Nonprofits Ask for Donations to Give More Toys This Xmas
By Dianne Anderson
Canceling Christmas is not an option this year for local nonprofits trying to get food to families, toys to the kids, even as families brace for their unemployment benefits to run dry the day after the holiday.
Kisha Collier with Community Health Action Network in Victorville, said she has been reaching out to their donors, and most have responded, some doubling their contributions from last year to help with the surging demand.
CHAN is hosting a drive-through toy drive, and two days before that event, they will host a virtual online raffle drive. Virtual registration for the raffle and toy drive deadline is December 15. Everyone registered will be entered into the raffle with winnings of free bikes, toys and a PS5 play station.
Like the community, nonprofits are struggling. Early on in the pandemic their organization was alerted that their bigger donors were not giving away turkeys this year because they didn’t have any to give.
They now taking parent sign-ups for Christmas toys. Parents can visit their website to answer questions on the age of the children, and confirm their low-income status. Proof, such as a birth certificate or immunization, will be required to receive a gift bag.
Last year, CHAN served over 600 kids, and this year they expect more. She is seeing a big increase in rental assistance, and giving out referrals for mortgage assistance.
“This is the first time that we’re seeing so many people with mortgages. Usually, it’s renters living paycheck to paycheck, but this is the first time in our history that we’re seeing so many homeowners reaching out for utility assistance,” she said.
CHAN is also hoping for donations and contributions to support the effort. Last year was their largest donor event, which was a great success. This year, they starting early to get resources out to the community.
“In light of COVID 19, we don’t want to not have our toy drive, especially in times like these when the depression is there and kids are not in school. The last thing we wanted to do was cancel,” she said.
In San Bernardino, Akoma Unity Center at Anne Shirrells Community Center, held their turkey and canned food drive and giveaways for Thanksgiving, serving over 100 families.
They also expect the drive-through giveaway of food and toys to go fast.
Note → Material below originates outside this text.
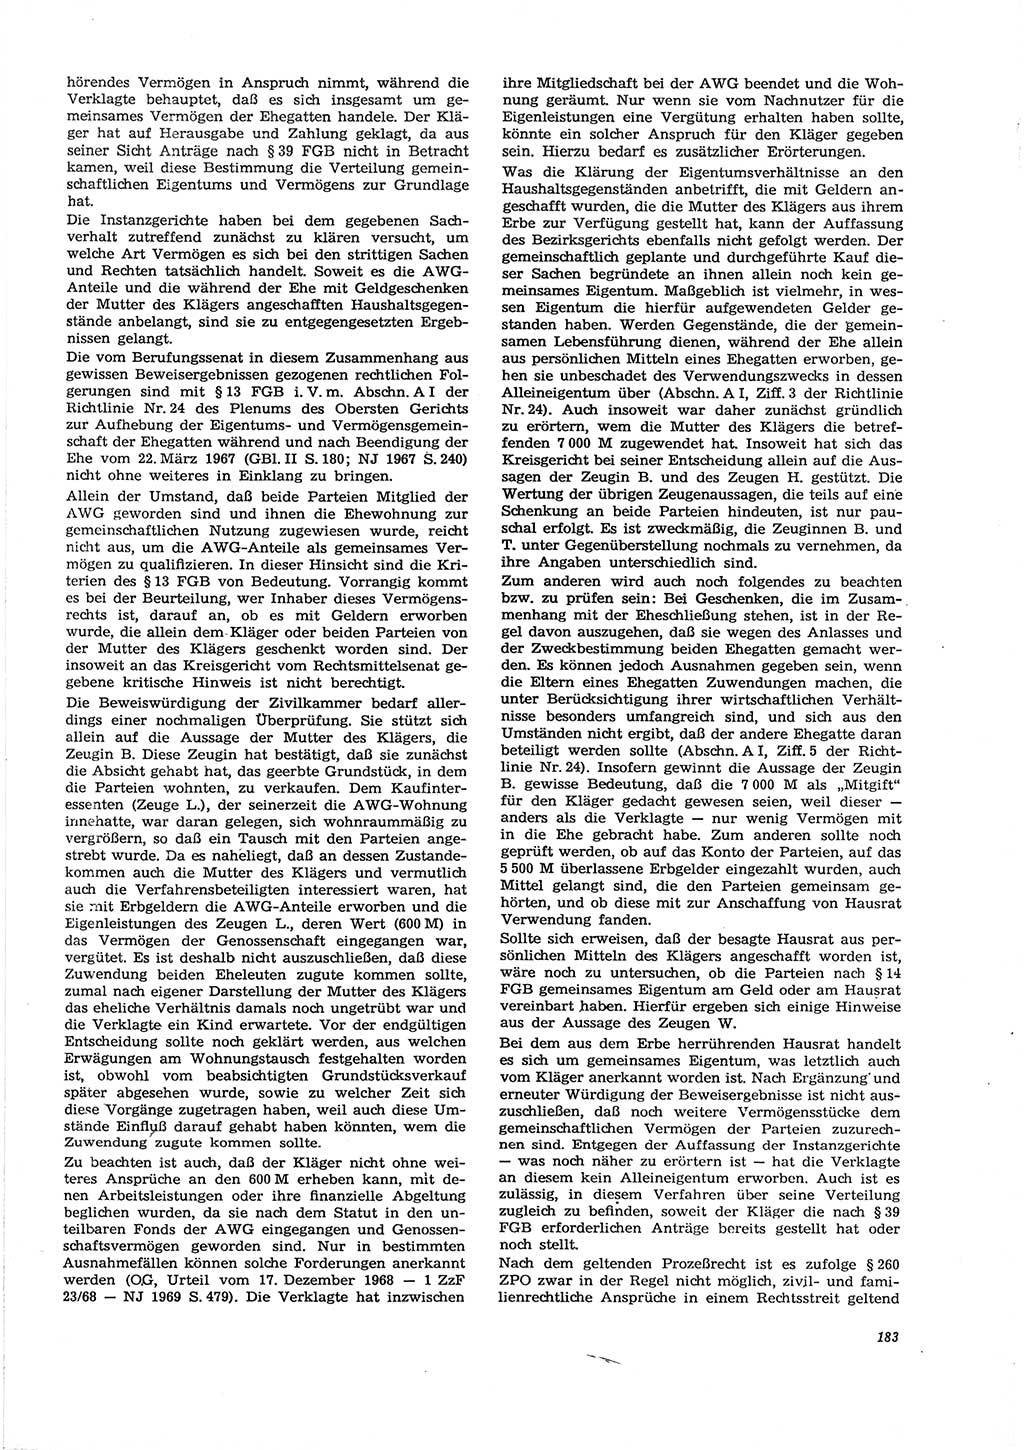 Neue Justiz (NJ), Zeitschrift für Recht und Rechtswissenschaft [Deutsche Demokratische Republik (DDR)], 29. Jahrgang 1975, Seite 183 (NJ DDR 1975, S. 183)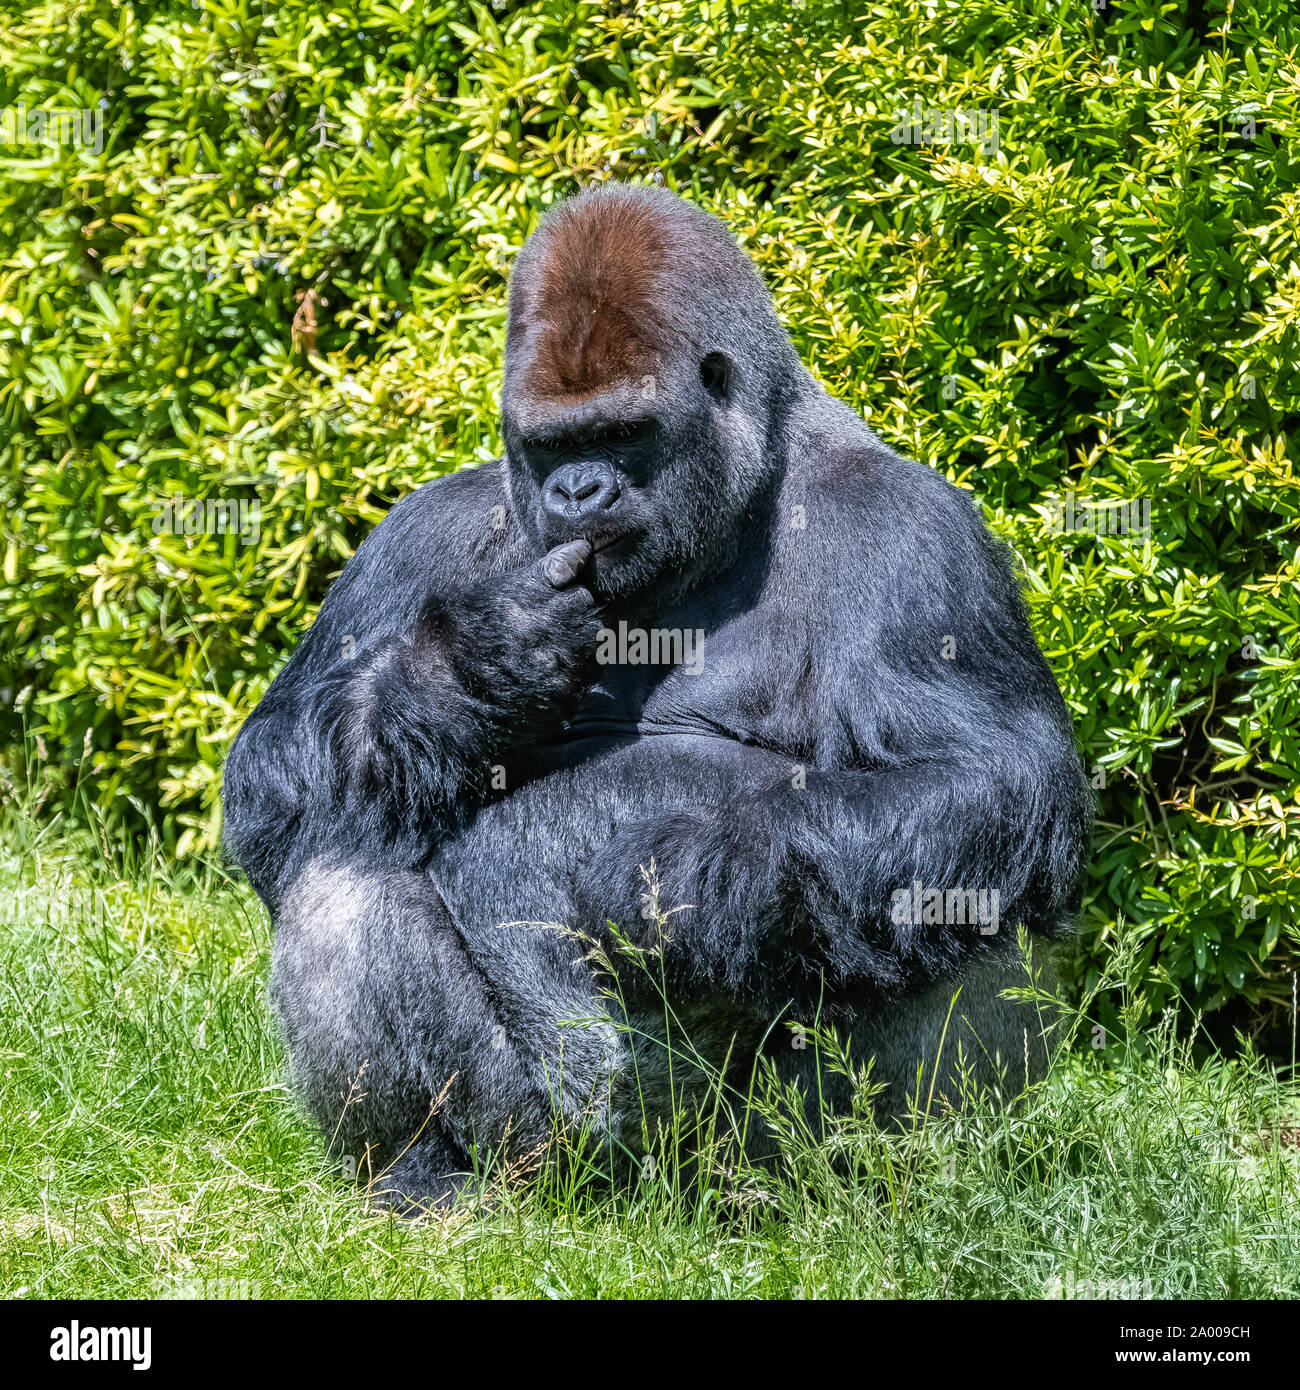 Gorilla, scimmia, maschio dominante seduto in erba, atteggiamento divertente Foto Stock

Unlike prior years, their coats and socks giveaway this year will be assigned to their after school students who are most in need.
This is a challenging Christmas
Last year, Jennifer Xicara said they offered more toys for the kids because they had help through Toys for Tots. This year, she said the organization’s website indicated they were only providing toys for individual families instead of nonprofits.
However, she is expecting donations from Santa Claus Inc and Spark of Love from the Fire Department.
“I’m hoping they’ll be able to assist with all 200 toys that we requested,” said Xicara, Akoma operations manager.“We are also relying on corporate donors and individual donors.”
The Akoma center is located in the thick of need. The community has taken a bad hit.
“This has been an area with three generations who have been living in an impoverished and marginalized community, especially with the pandemic those needs have heightened,” she said.
Their phone has been ringing nonstop for help with rental assistance, especially for food as EBT and PEBT have run out for many. The process to get help is also taking families a lot longer.
“We serve children daily that are experiencing first hand those parents with no jobs, no transportation, there’s no rent control,” she said.
All community donations of coats and toys are welcome, especially for their middle and high school students that are often overlooked. She said monetary donations will go towards buying new shoes, coats, electronics and gift cards.
Parents are always dropping into the center for services, and bags of food are available. Their young students are also accessing online help, as they try to keep things as normal as possible during the difficult season.
The center hosts its regular virtual after school academic help, and some of their most at-risk scholars are coming in for safe in-person tutoring.
With all that’s going on, Xicarra is excited that their center’s executive director, Kim Calvin, will soon be sworn in as Sixth Ward councilmember.
She said Calvin has been in the community, providing local service for a long time, and is ready to start her work in the Sixth Ward.
“We’re all looking forward to Mama Kim going into office. She’s been serving on the front lines, serving her constituents for years. Now she is just doing it in another capacity where she can make a change,” she said.